> _Directions_:
Please give back the listing below word for word and drop any images.

> _Given information_:
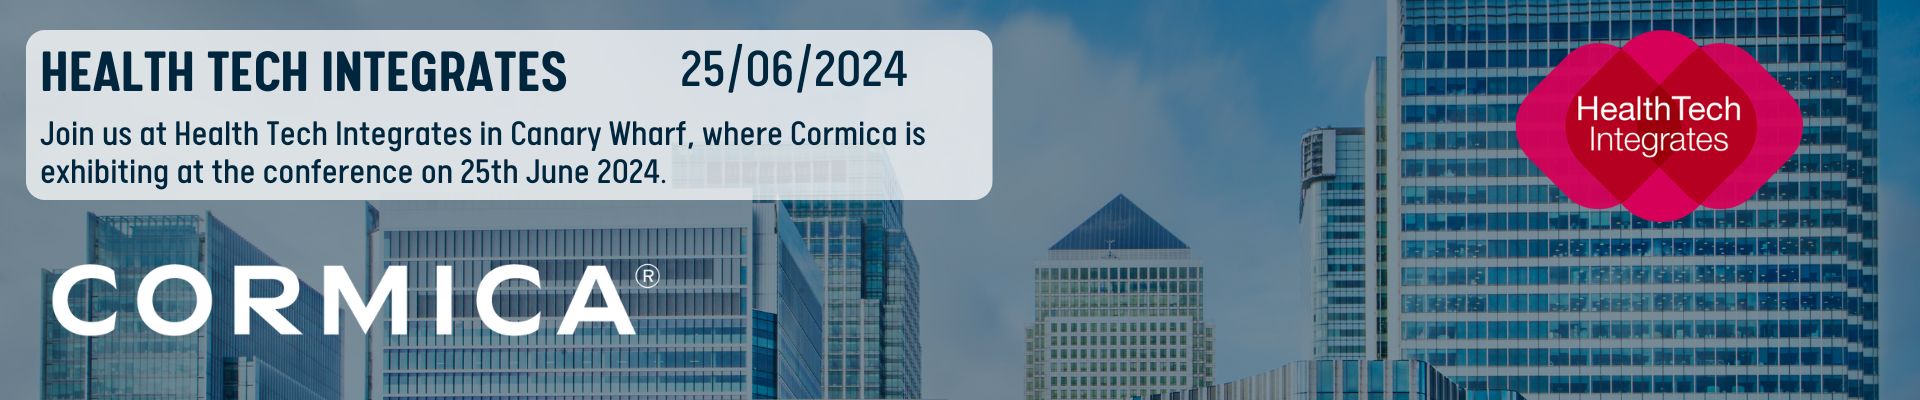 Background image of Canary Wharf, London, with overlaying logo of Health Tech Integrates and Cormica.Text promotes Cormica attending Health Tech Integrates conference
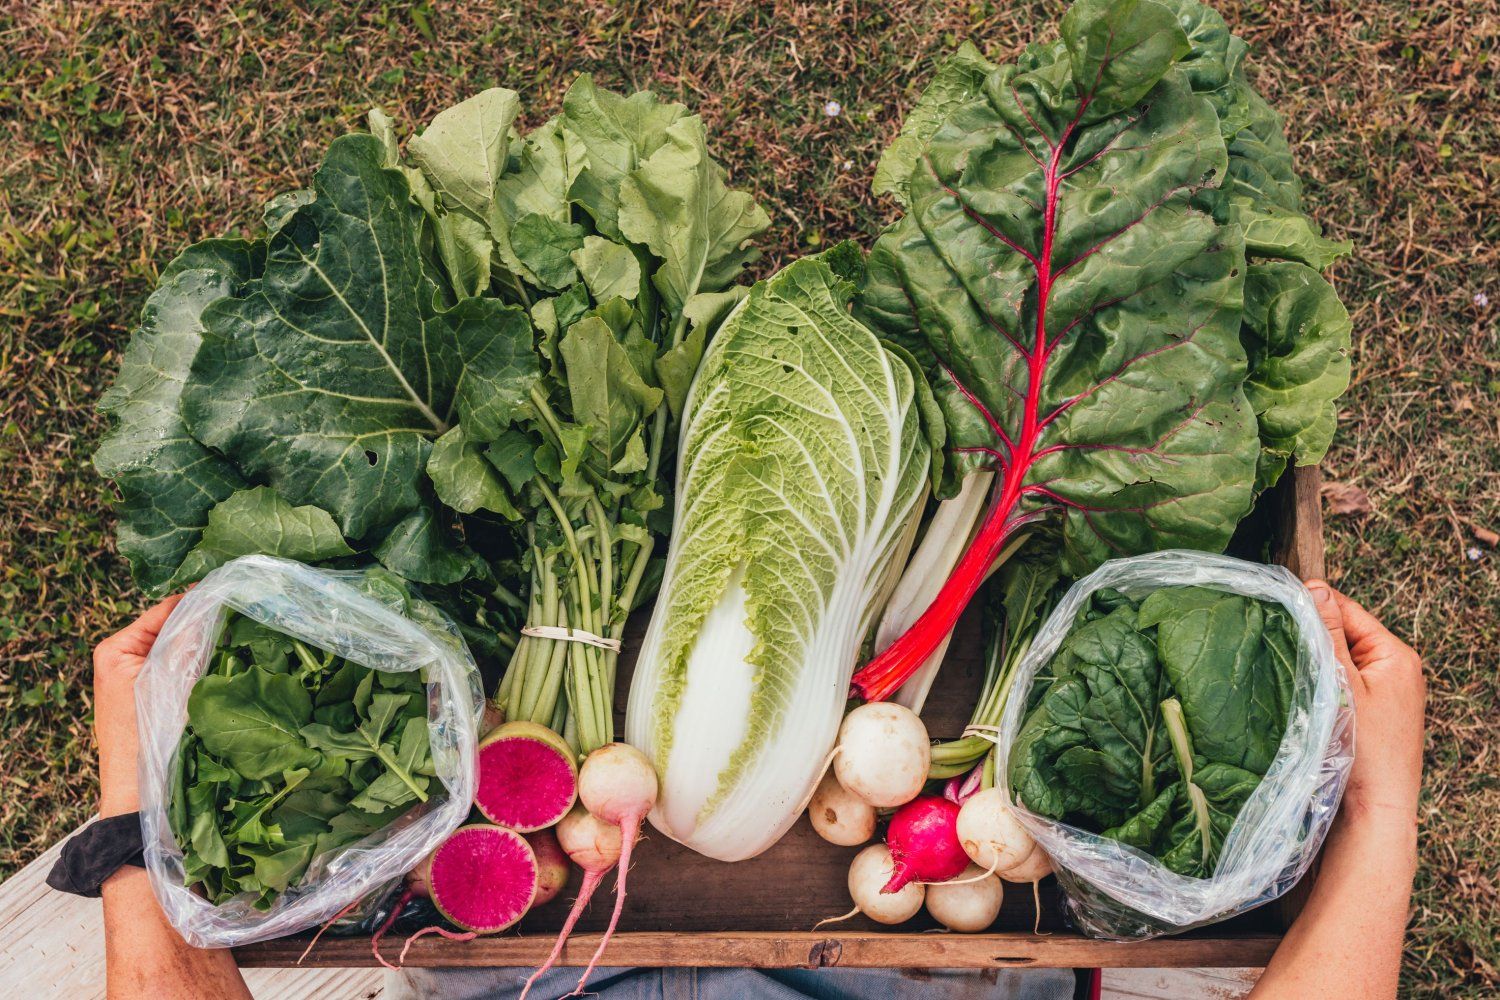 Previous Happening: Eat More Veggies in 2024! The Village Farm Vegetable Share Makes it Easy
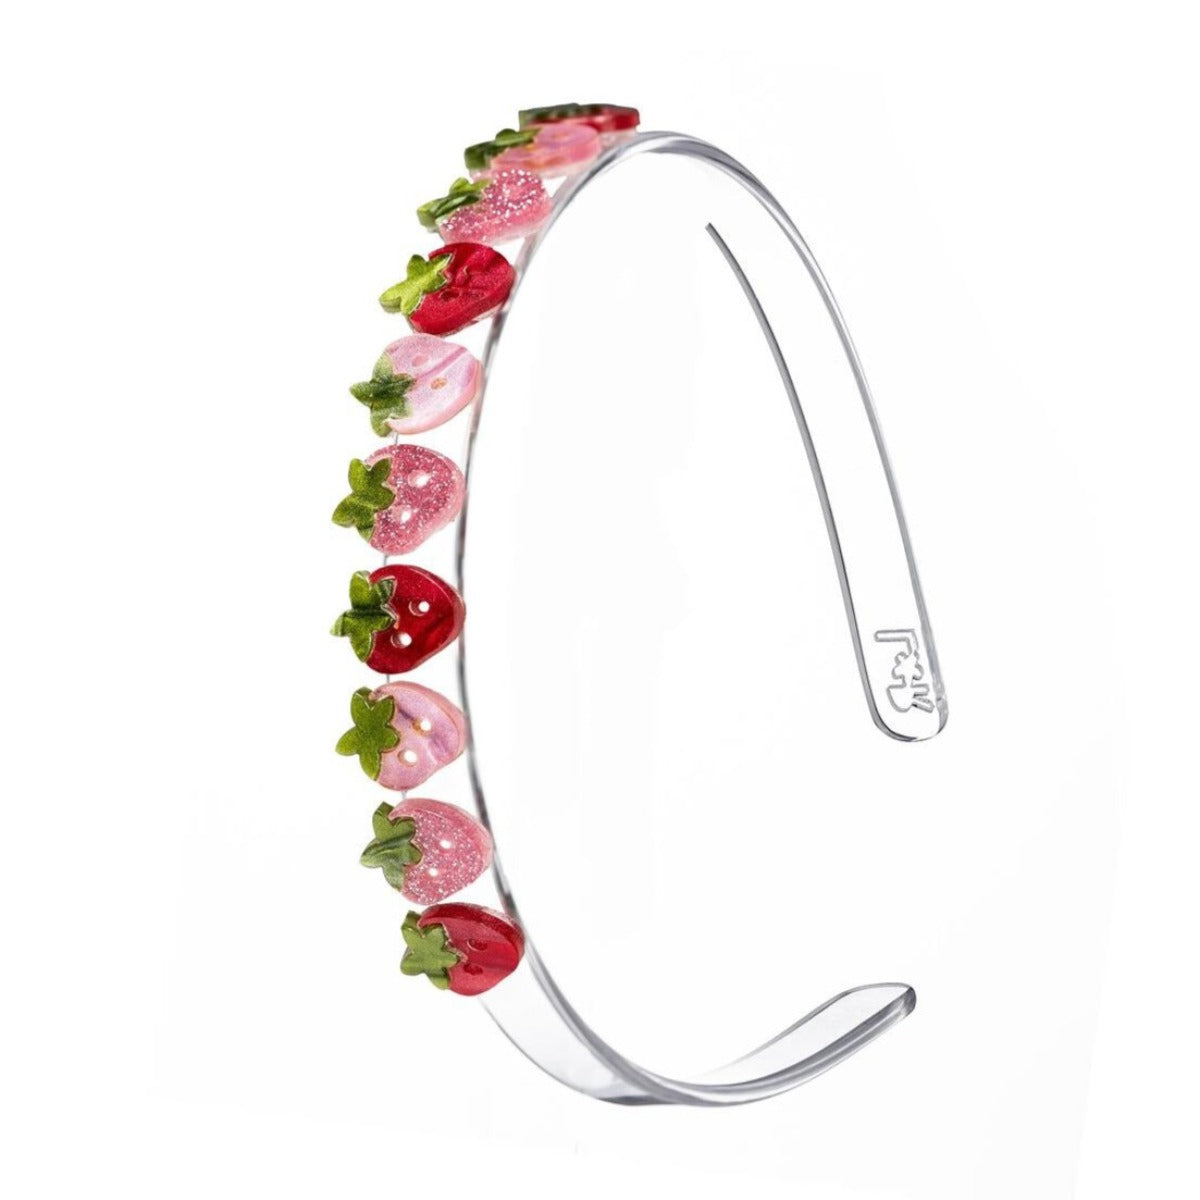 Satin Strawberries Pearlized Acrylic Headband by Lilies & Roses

> _Task answer_:
 Background image of Canary Wharf, London, with overlaying logo of Health Tech Integrates and Cormica.Text promotes Cormica attending Health Tech Integrates conference
 Previous Happening: Eat More Veggies in 2024! The Village Farm Vegetable Share Makes it Easy
 Satin Strawberries Pearlized Acrylic Headband by Lilies & Roses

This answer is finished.